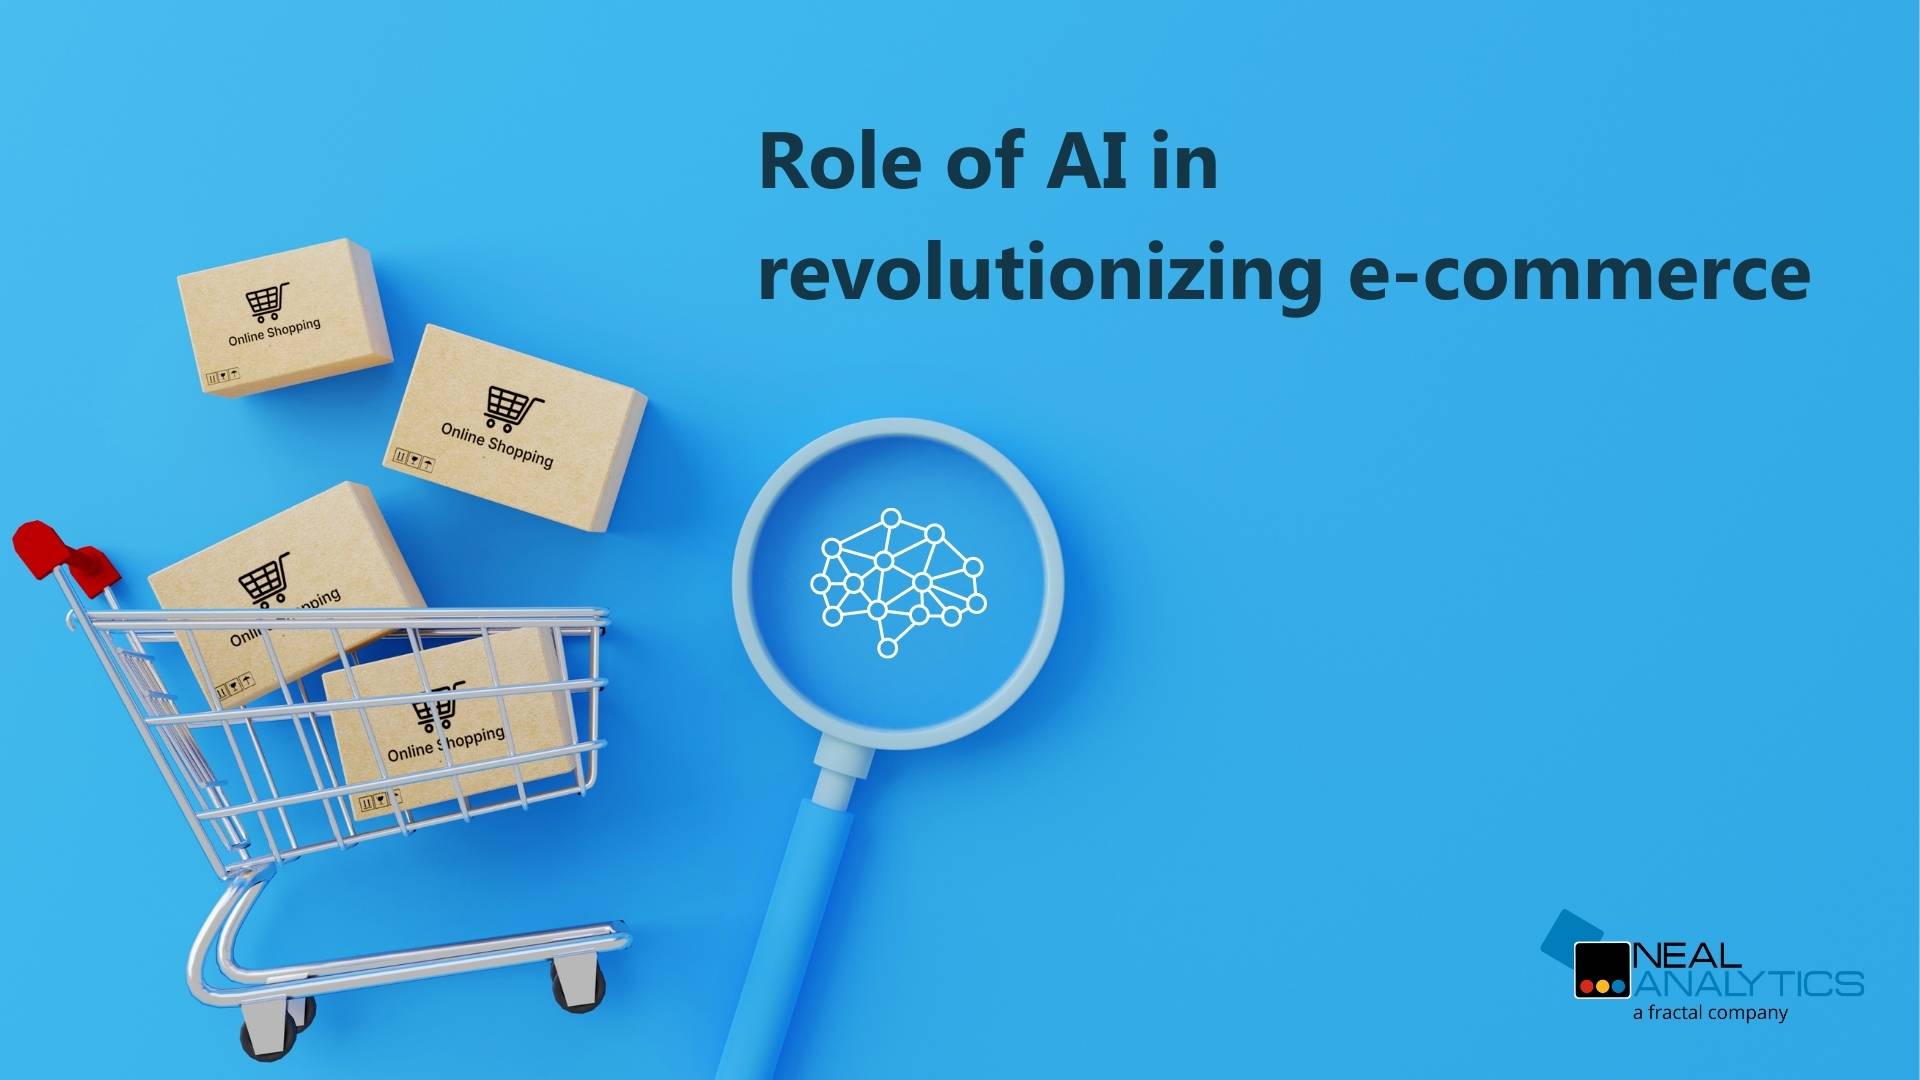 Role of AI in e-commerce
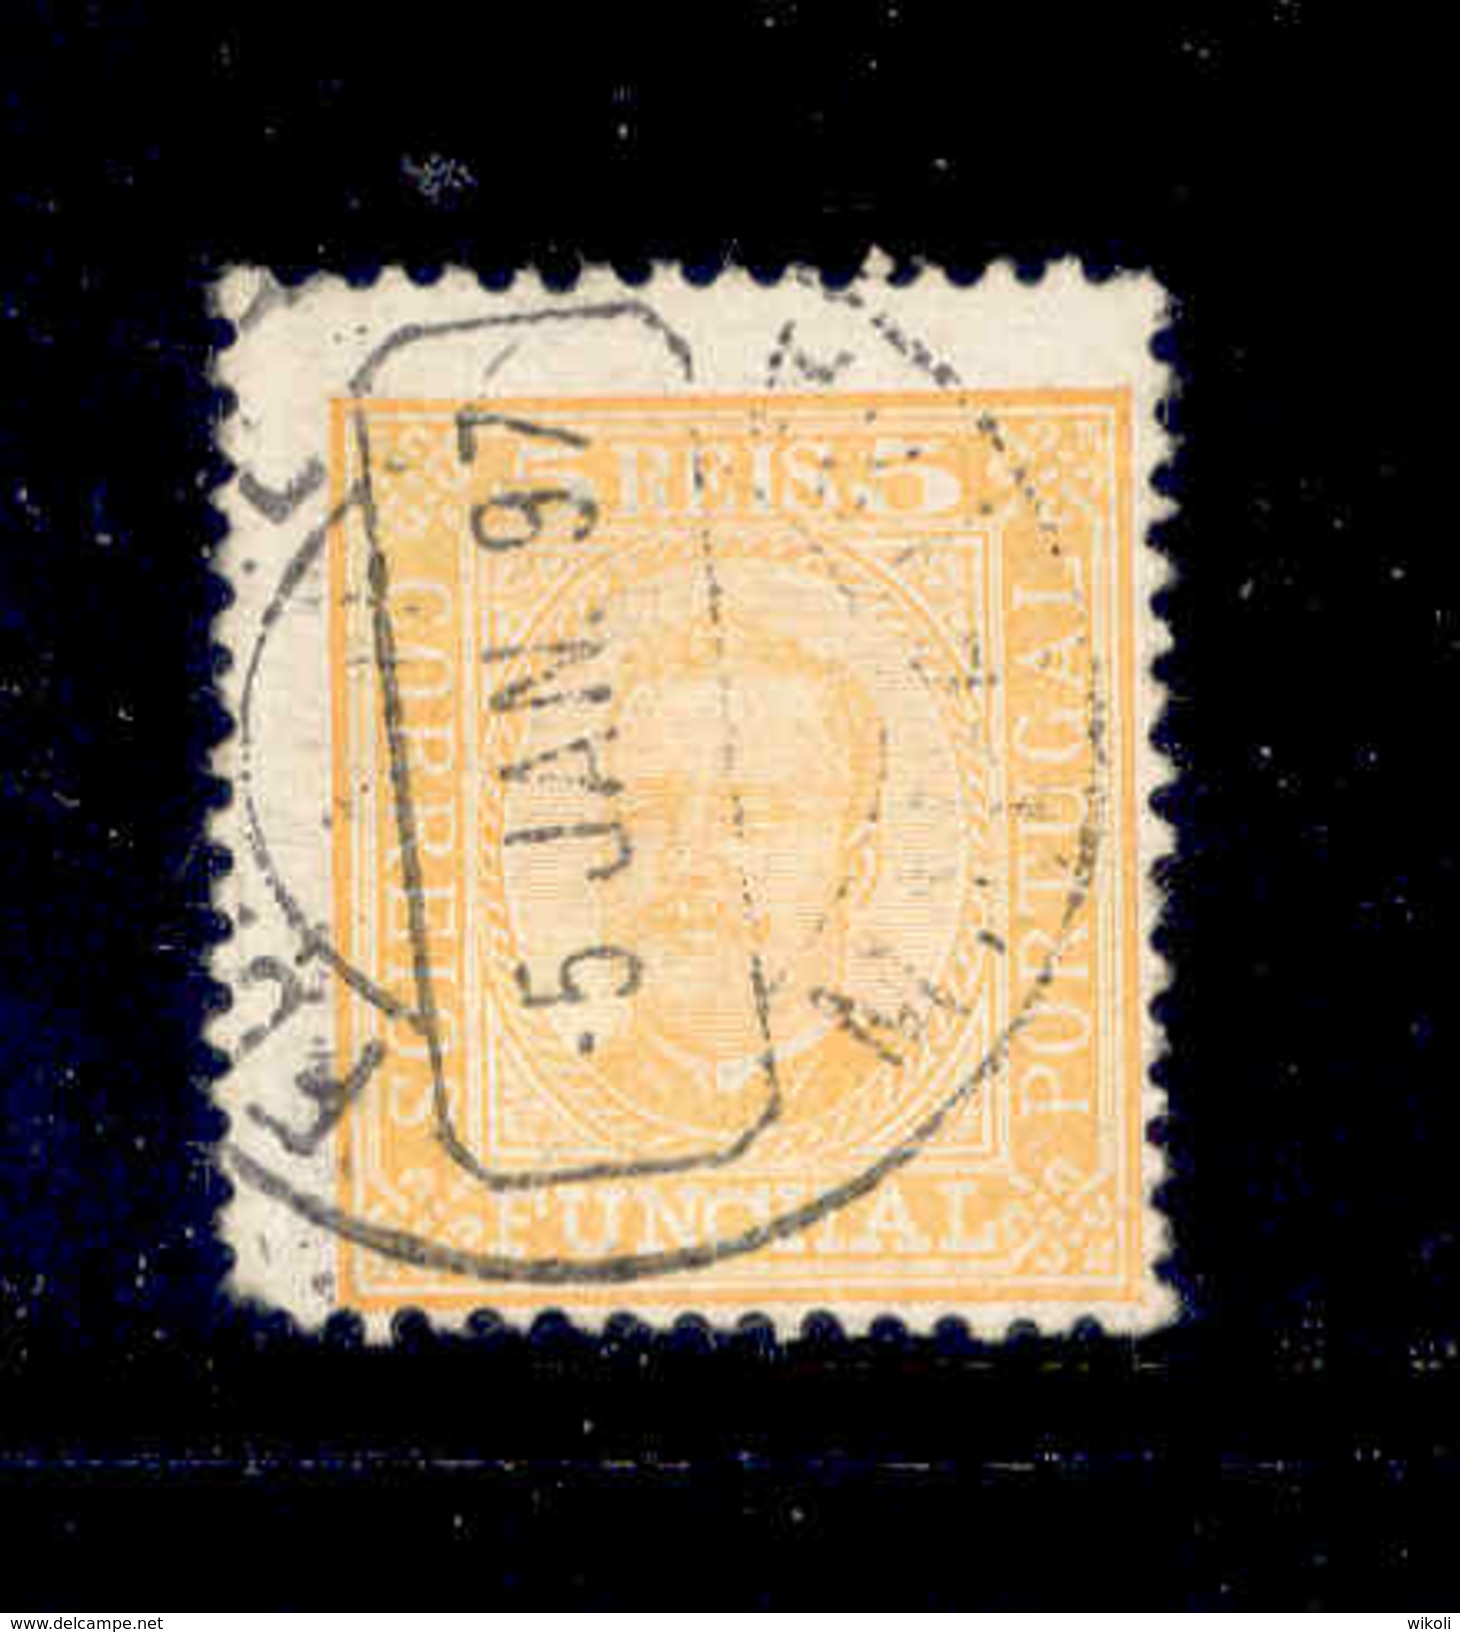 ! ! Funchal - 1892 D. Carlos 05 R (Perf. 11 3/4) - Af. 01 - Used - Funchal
...
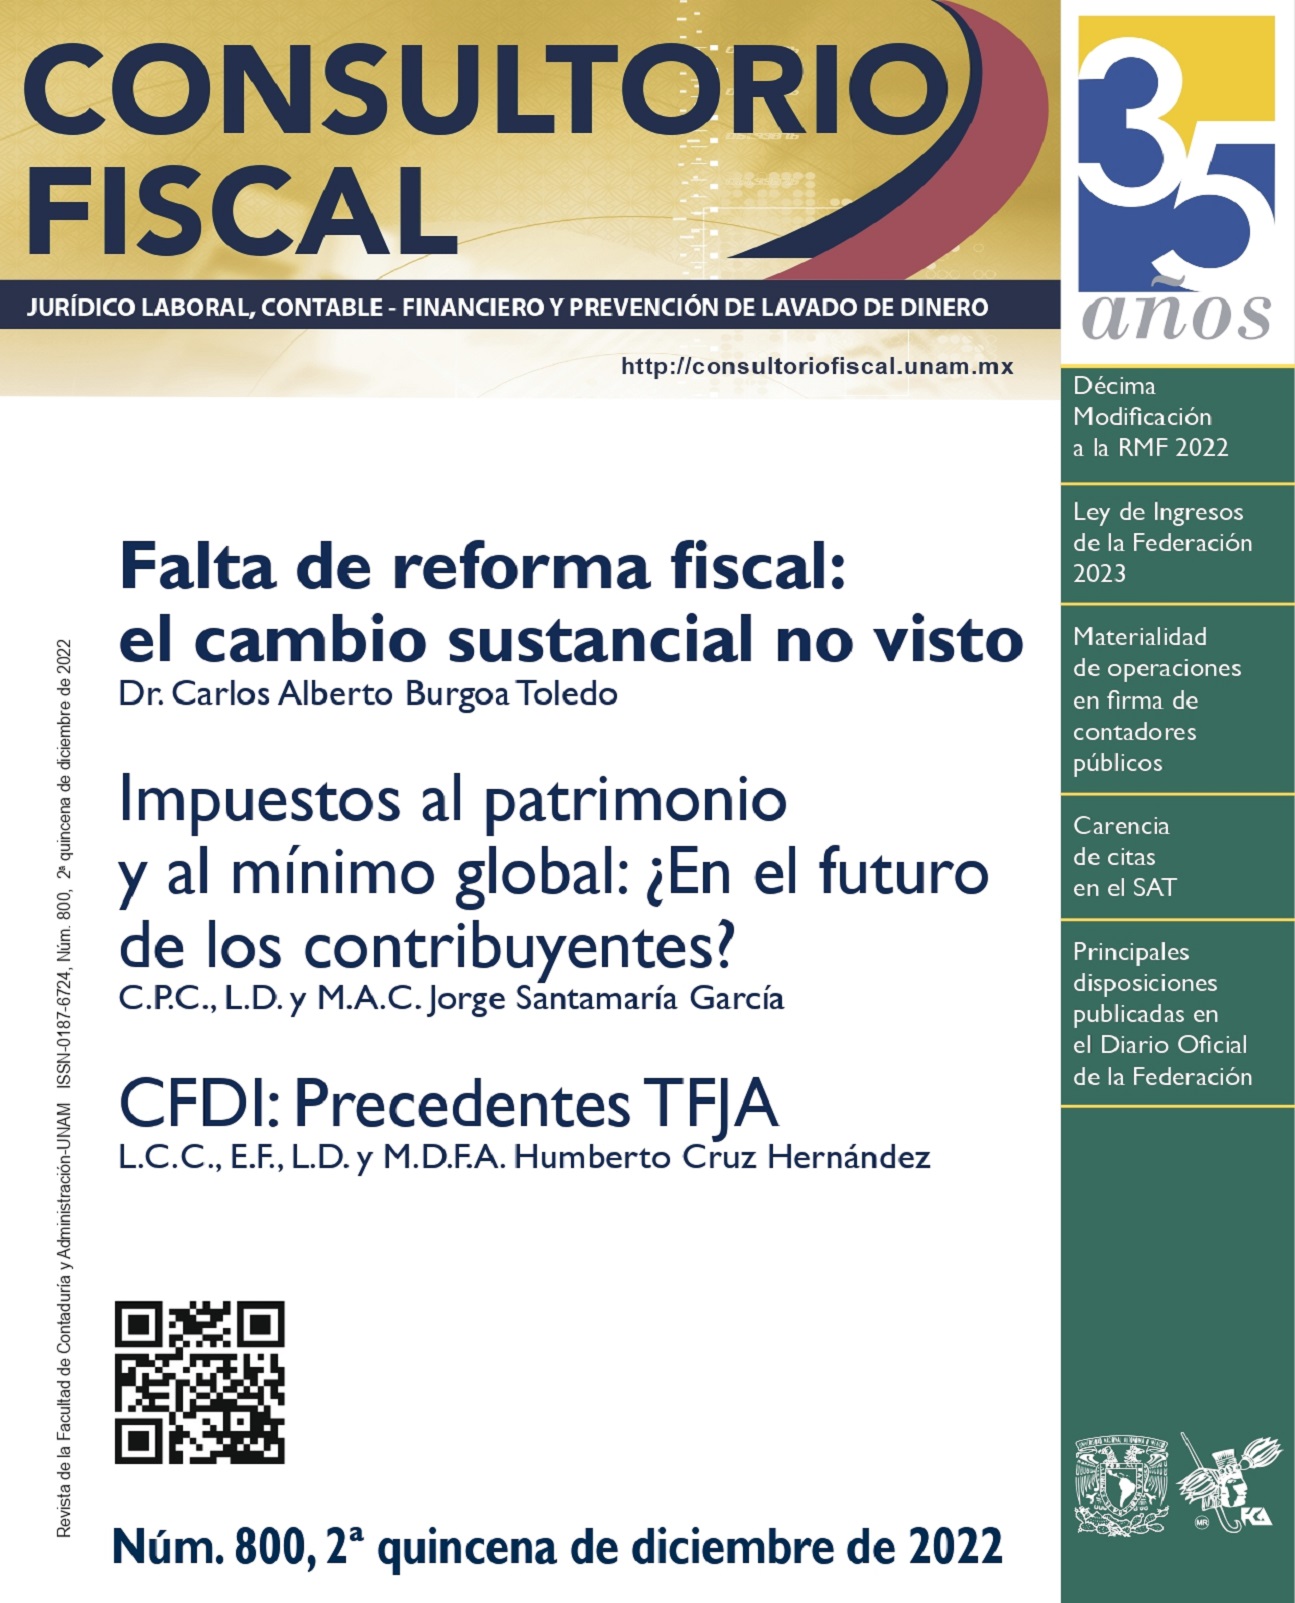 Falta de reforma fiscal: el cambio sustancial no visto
* * *
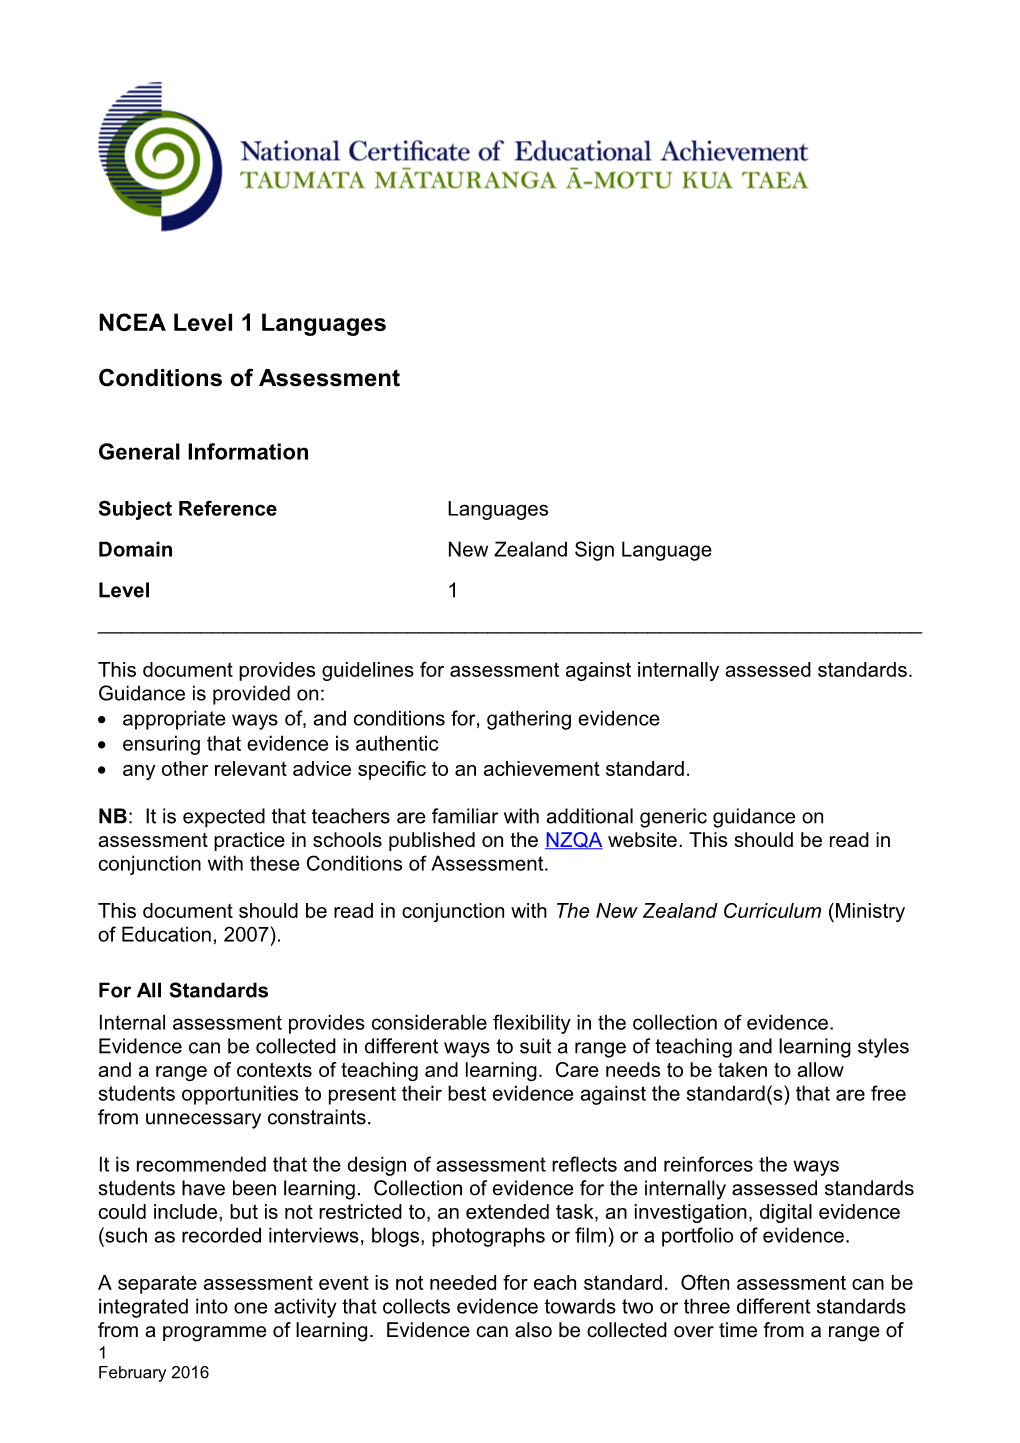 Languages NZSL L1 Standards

Task details —
From the records above, quote word for word only the lines beginning at the line that has "Role of AI in e-commerce" and stopping after the line that has "Used - Funchal". Omit the pictures.

Result of this task —
 Role of AI in e-commerce
 ! ! Funchal - 1892 D. Carlos 05 R (Perf. 11 3/4) - Af. 01 - Used - Funchal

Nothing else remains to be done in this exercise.